#### Task to complete
Go through the listing below and retype exactly the lines starting at the one with "The Insta360 GO" and ending at the one with "Apparatus and method", skipping pictures.

#### Material provided
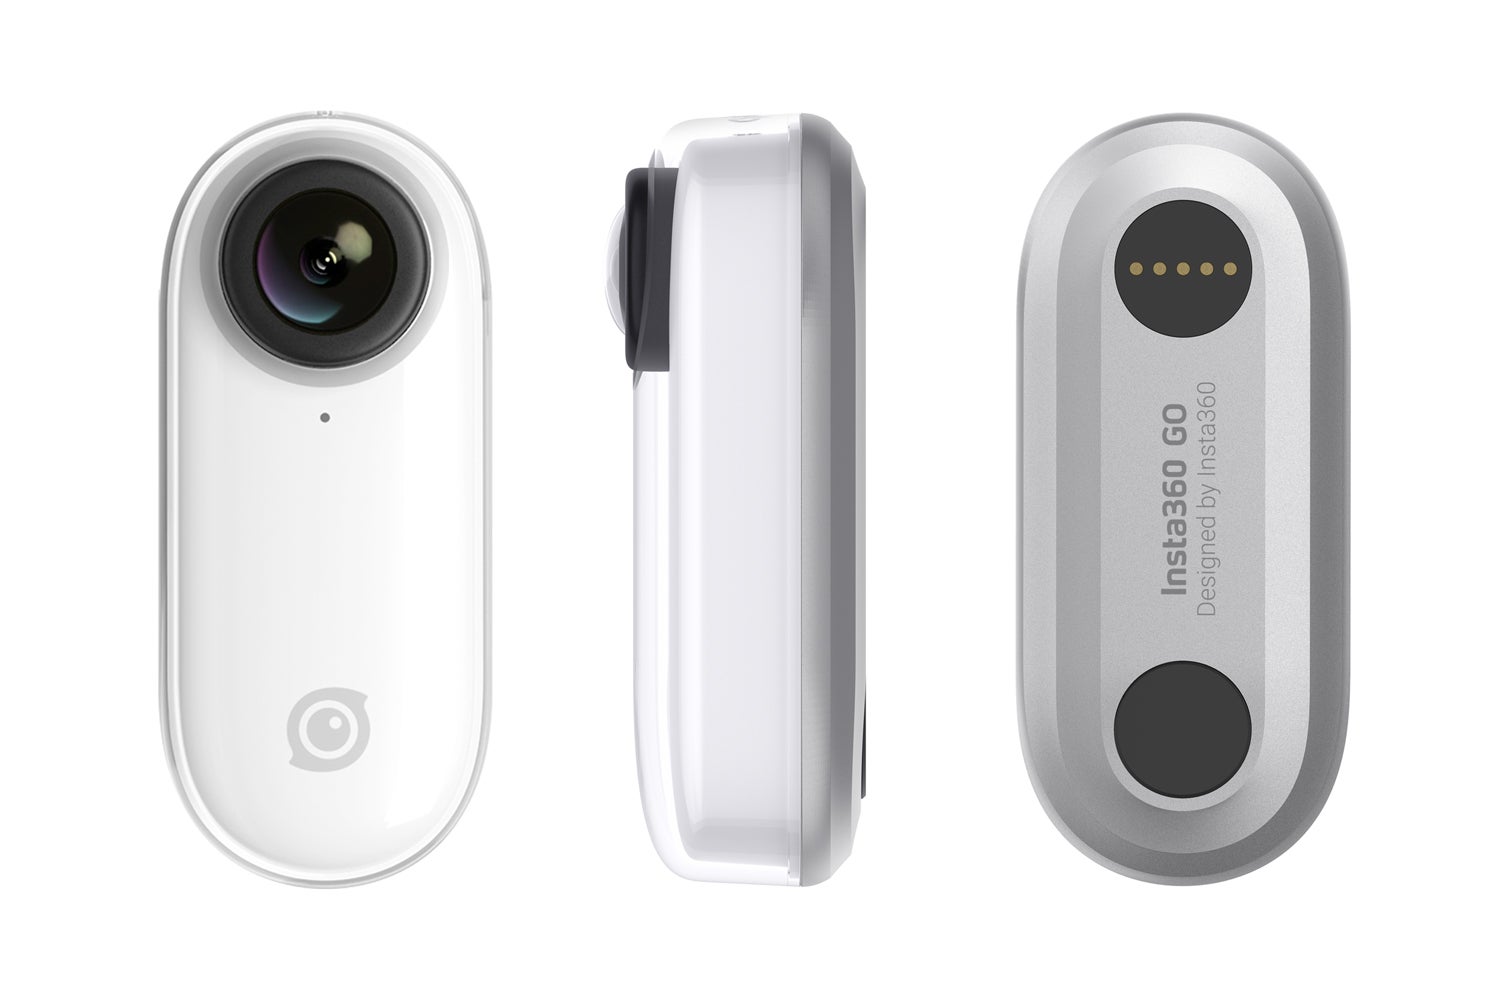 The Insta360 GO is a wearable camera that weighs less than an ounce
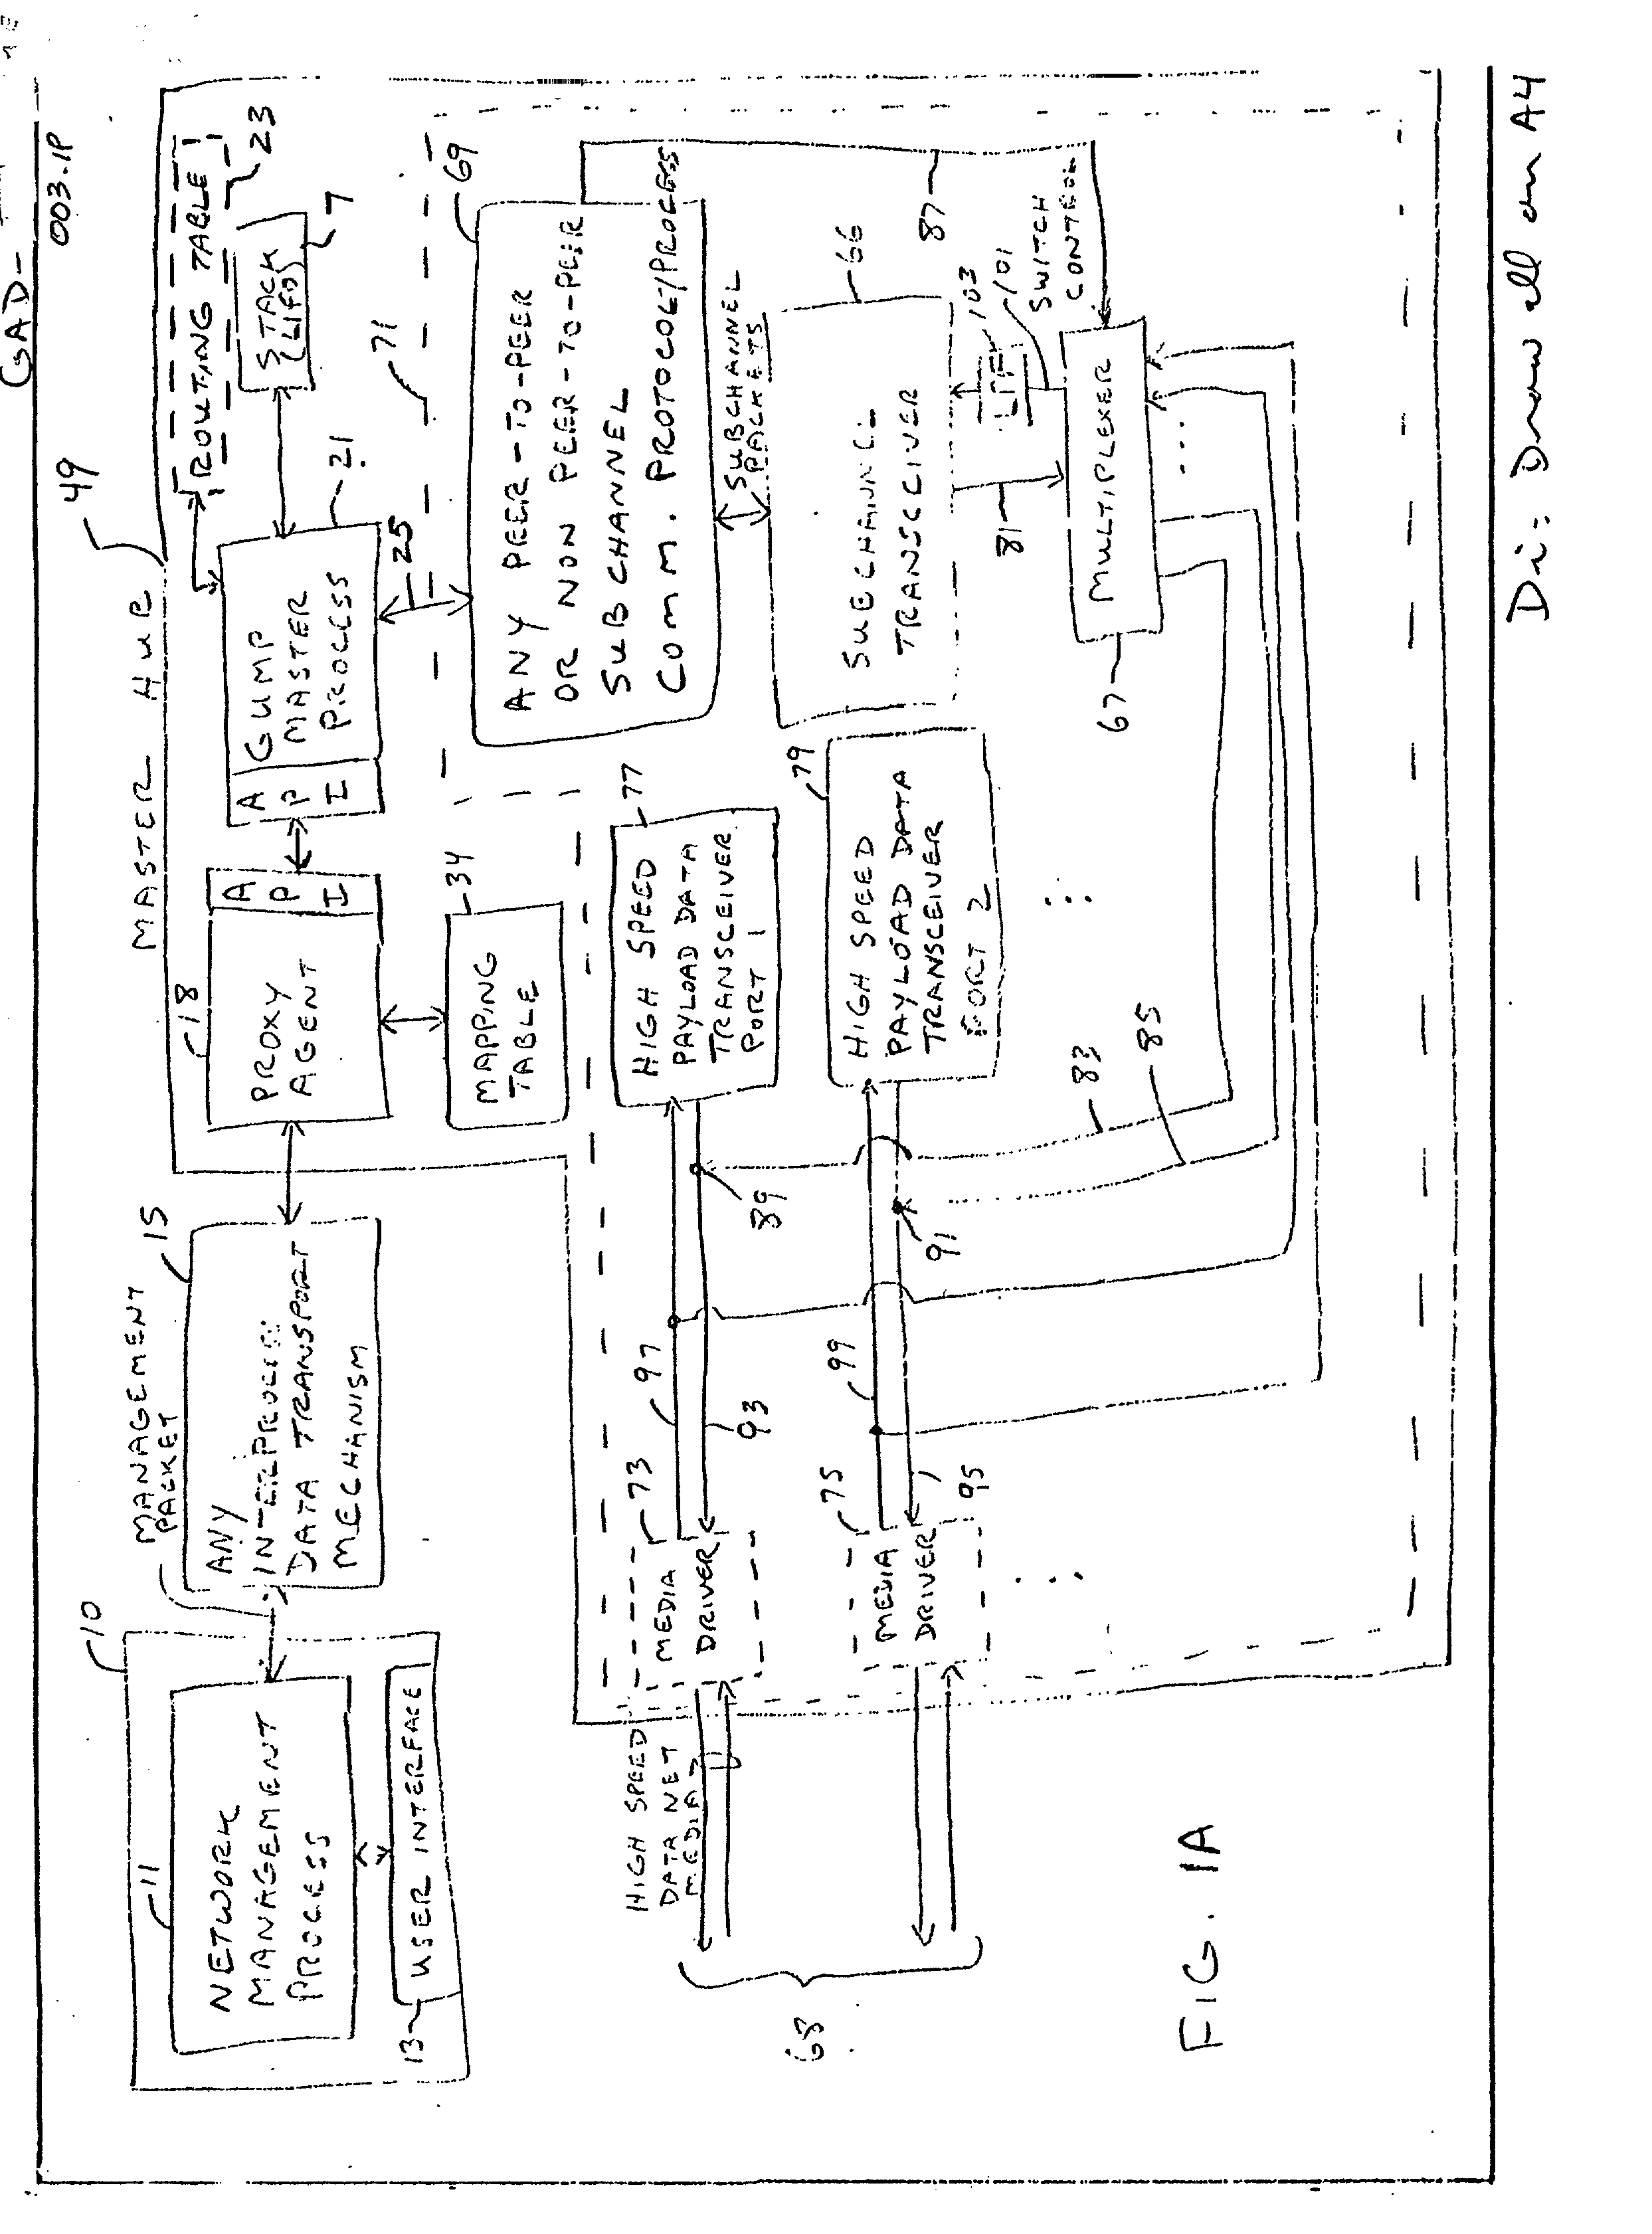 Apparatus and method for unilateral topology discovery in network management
* * *
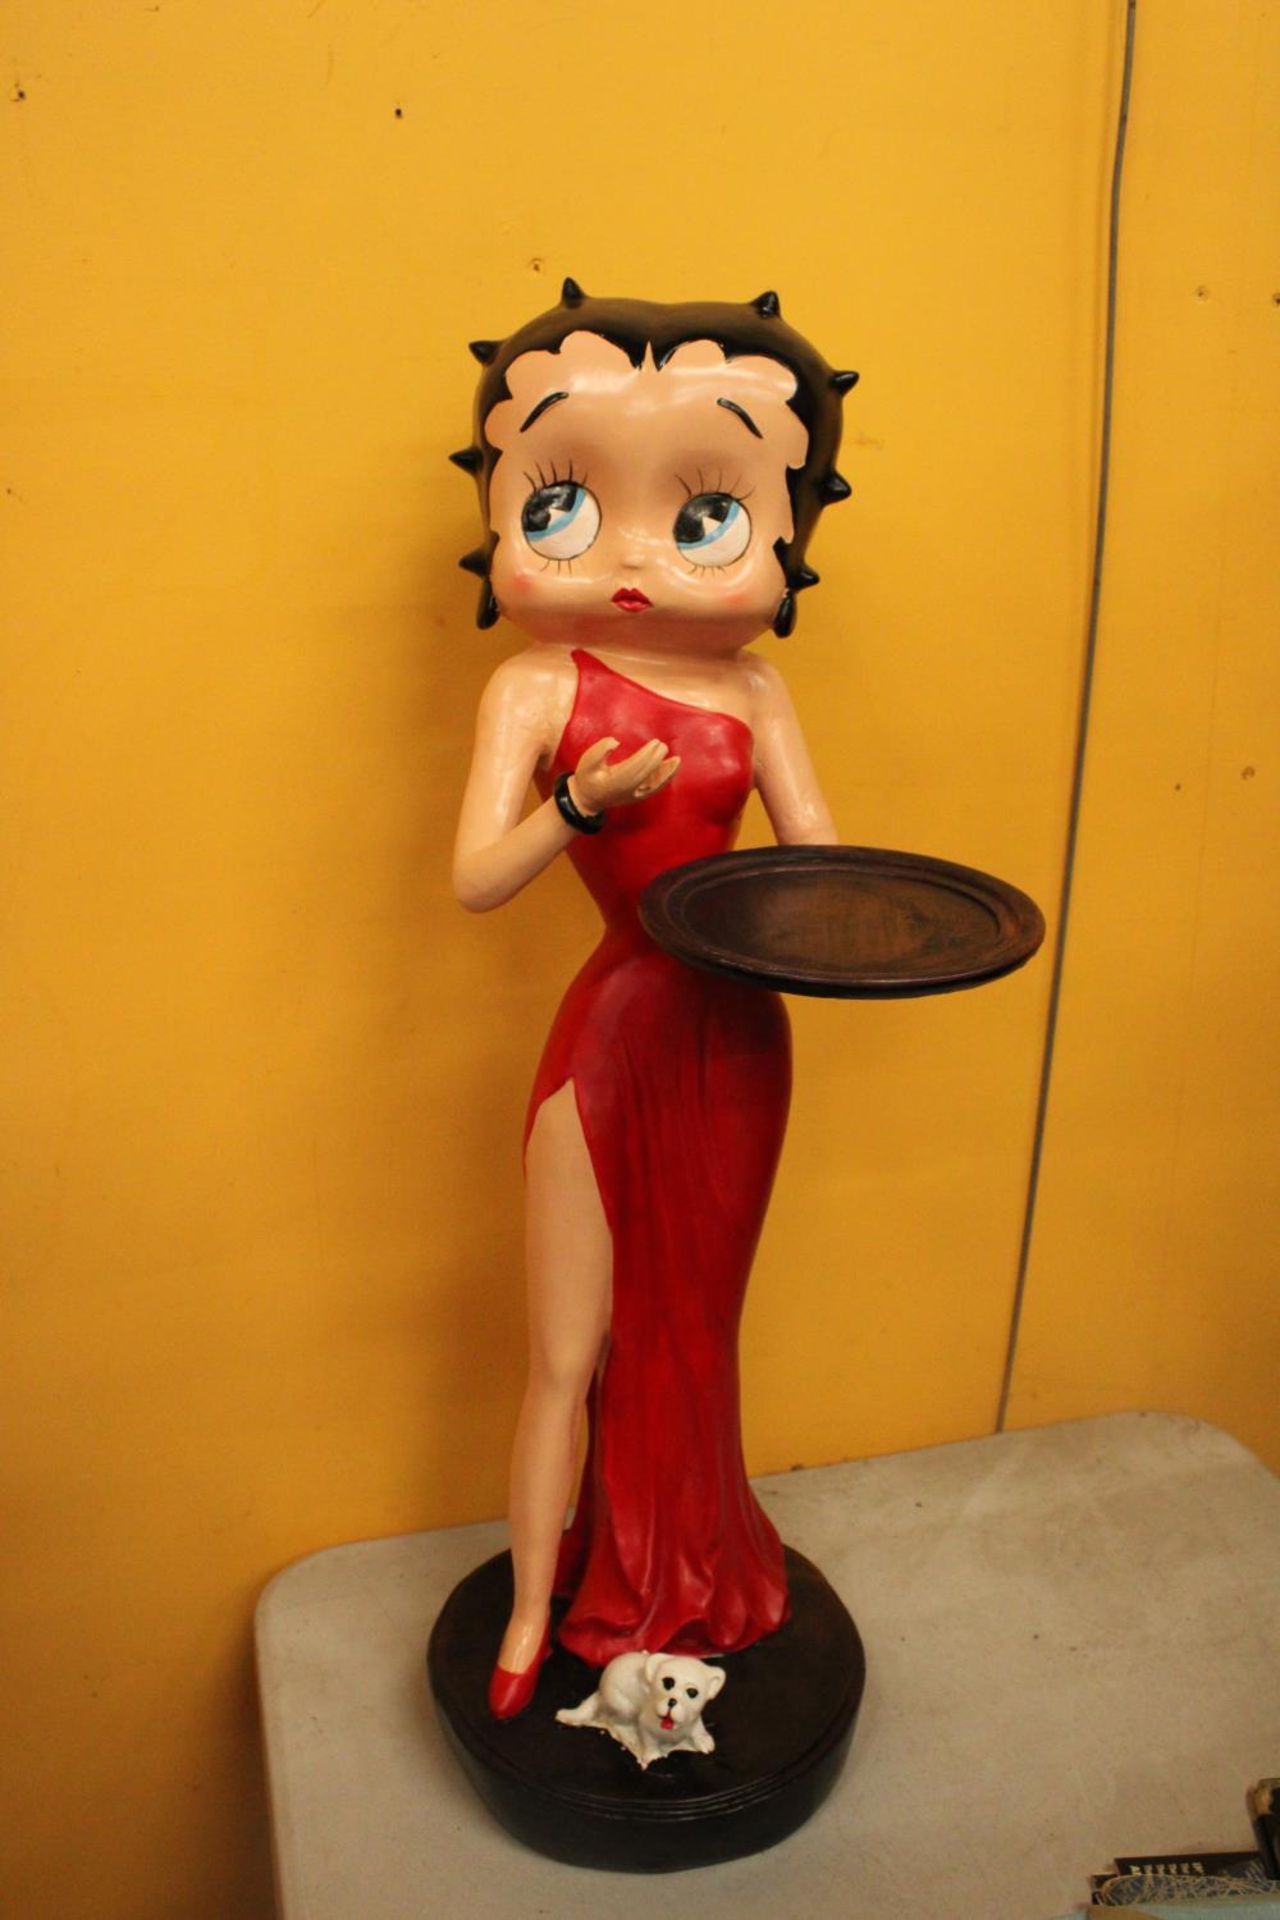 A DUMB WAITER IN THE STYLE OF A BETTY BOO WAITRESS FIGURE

#### Finished task
 The Insta360 GO is a wearable camera that weighs less than an ounce
 Apparatus and method for unilateral topology discovery in network management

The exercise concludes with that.